- **What to do**: Copy the data verbatim and leave out every picture.

[[ Dataset section, beginning ]]

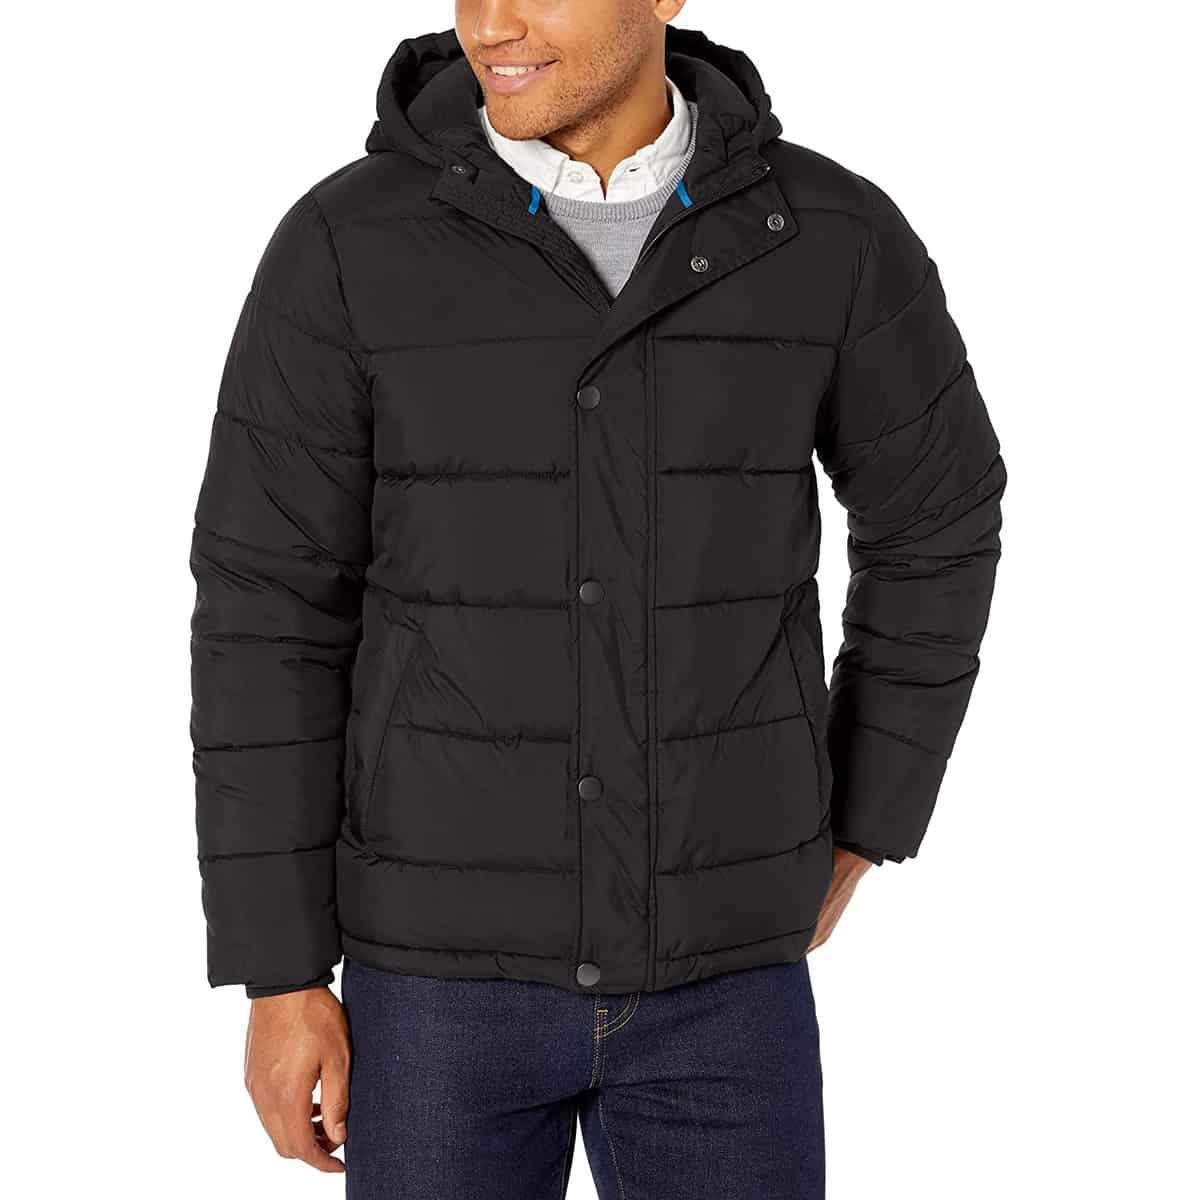 Amazon-Essentials-Puffer-Jacket
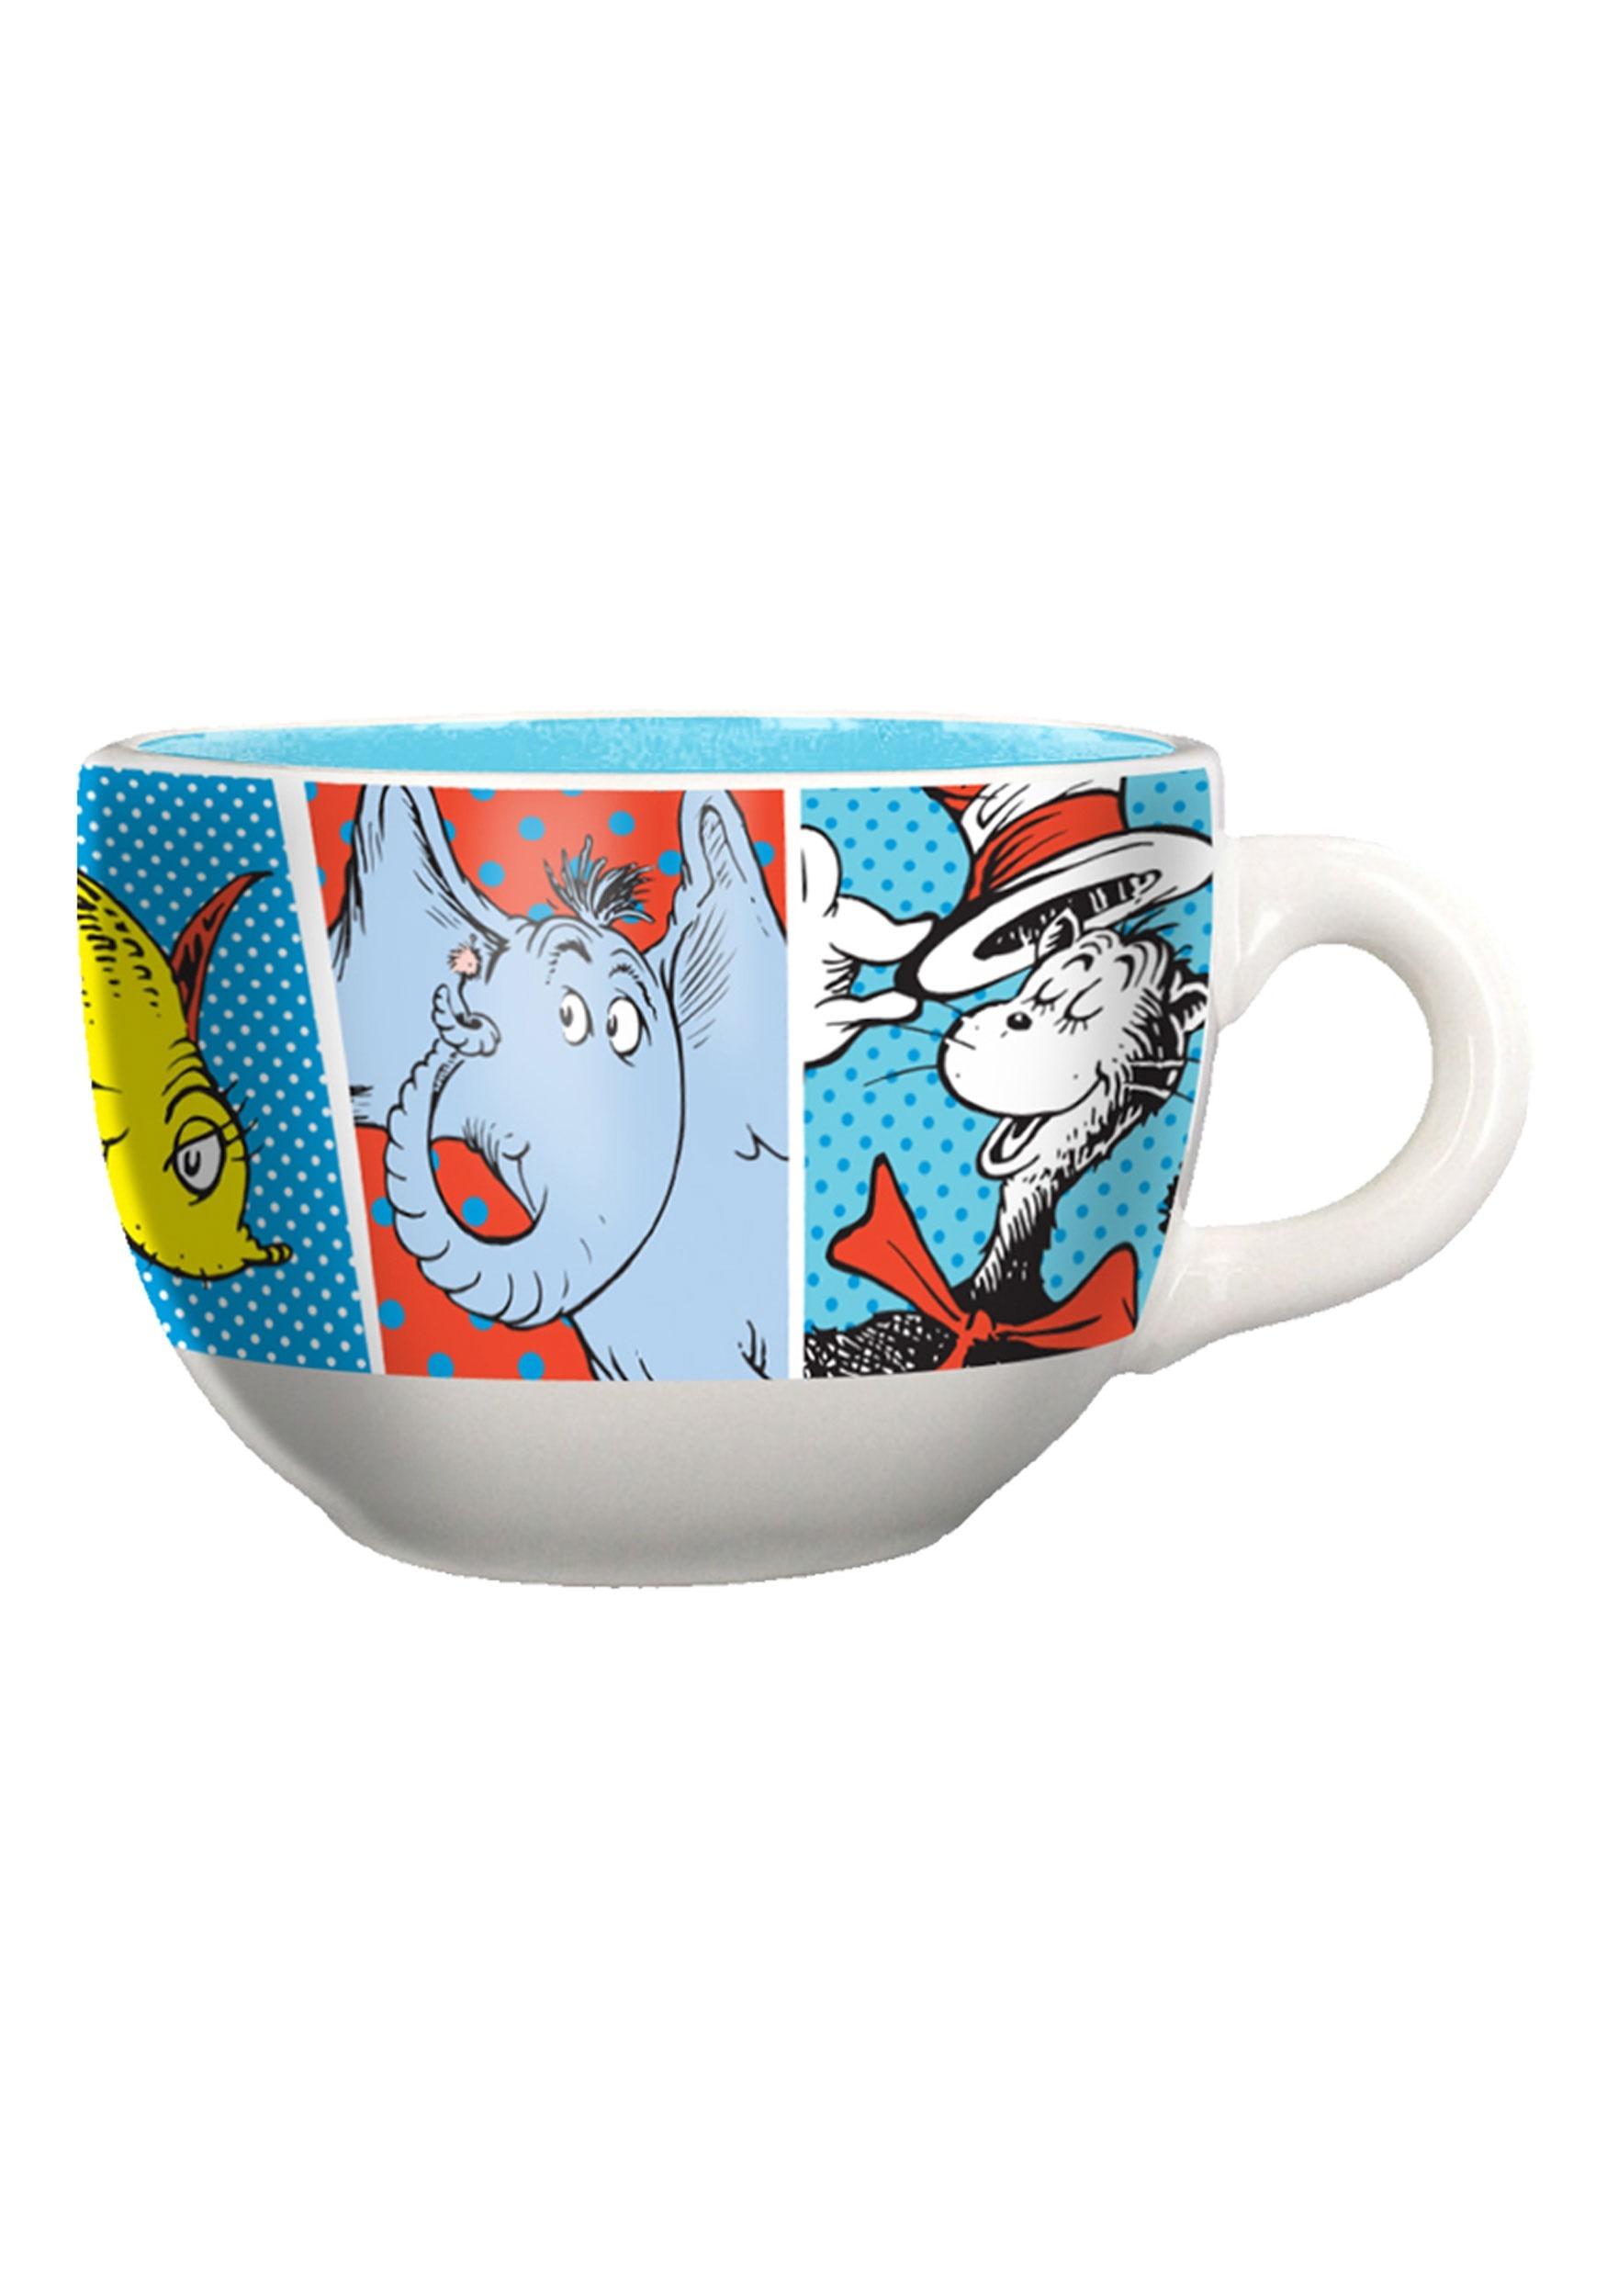 Dr. Seuss 20 oz Ceramic Soup Mug VA17053
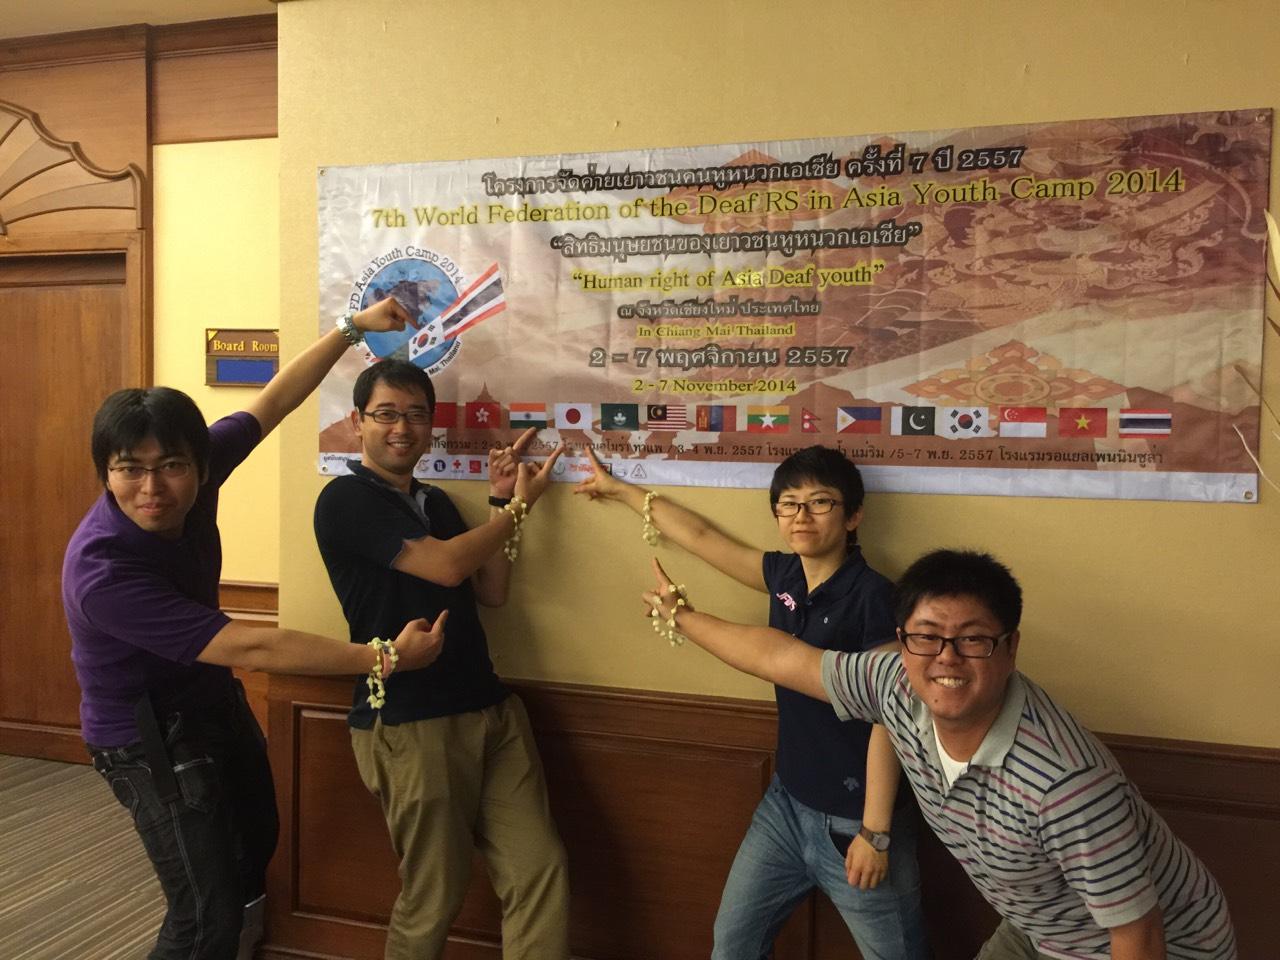 第7回アジアろう青年キャンプ
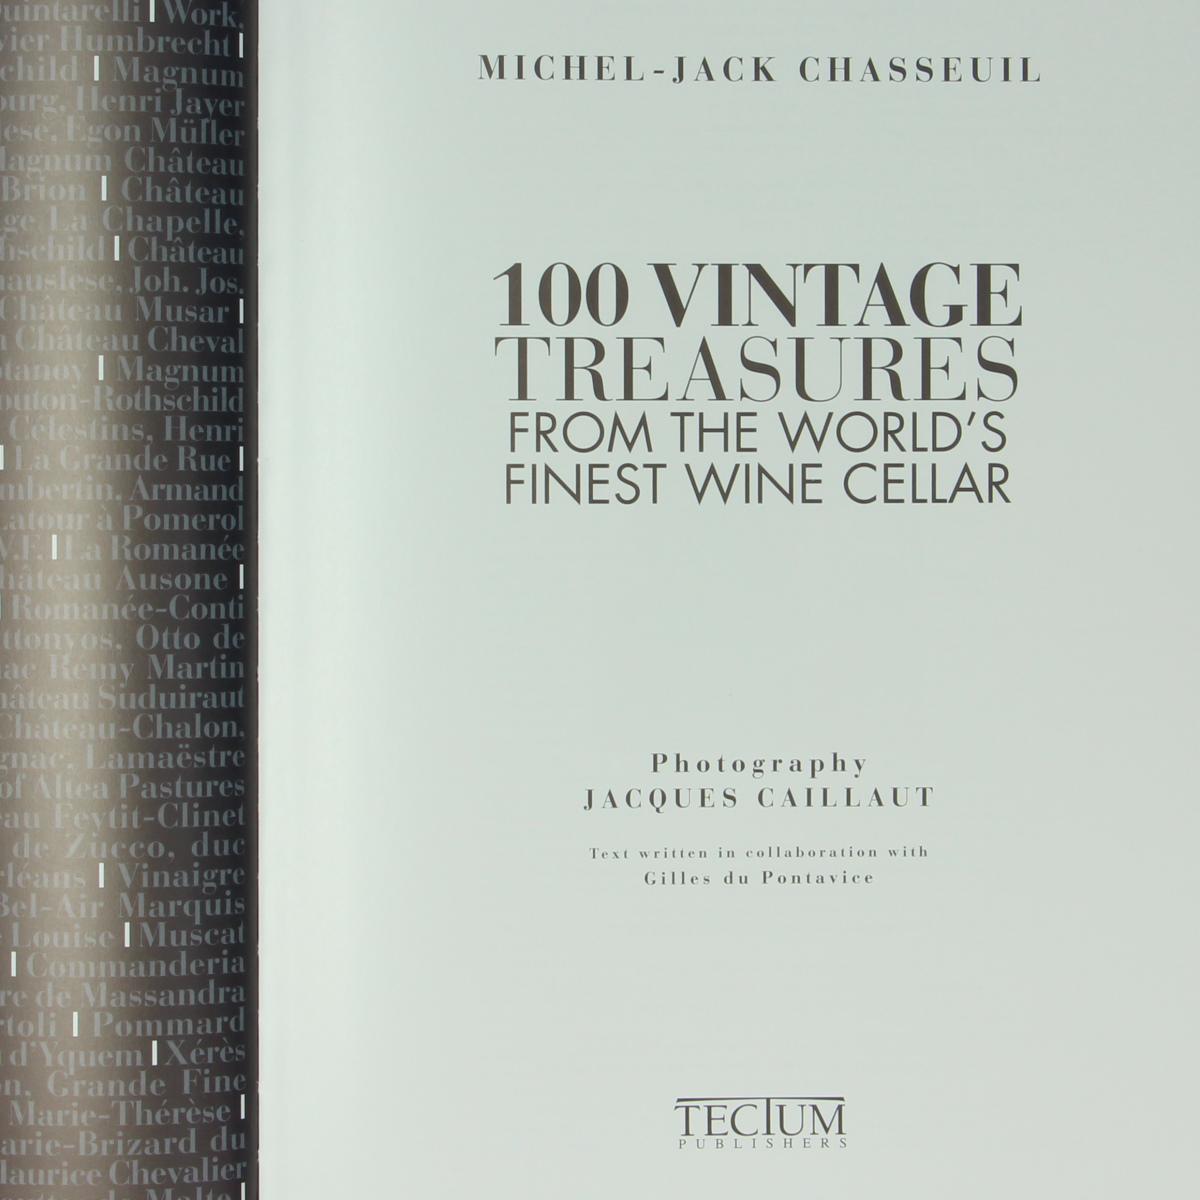 Afbeeldingen van 100 vintages treasures from the world's finest wine cellar. Boek

[[ Dataset section, end ]]

- **Output for this exercise**:
 Amazon-Essentials-Puffer-Jacket
 Dr. Seuss 20 oz Ceramic Soup Mug VA17053
 第7回アジアろう青年キャンプ
 Afbeeldingen van 100 vintages treasures from the world's finest wine cellar. Boek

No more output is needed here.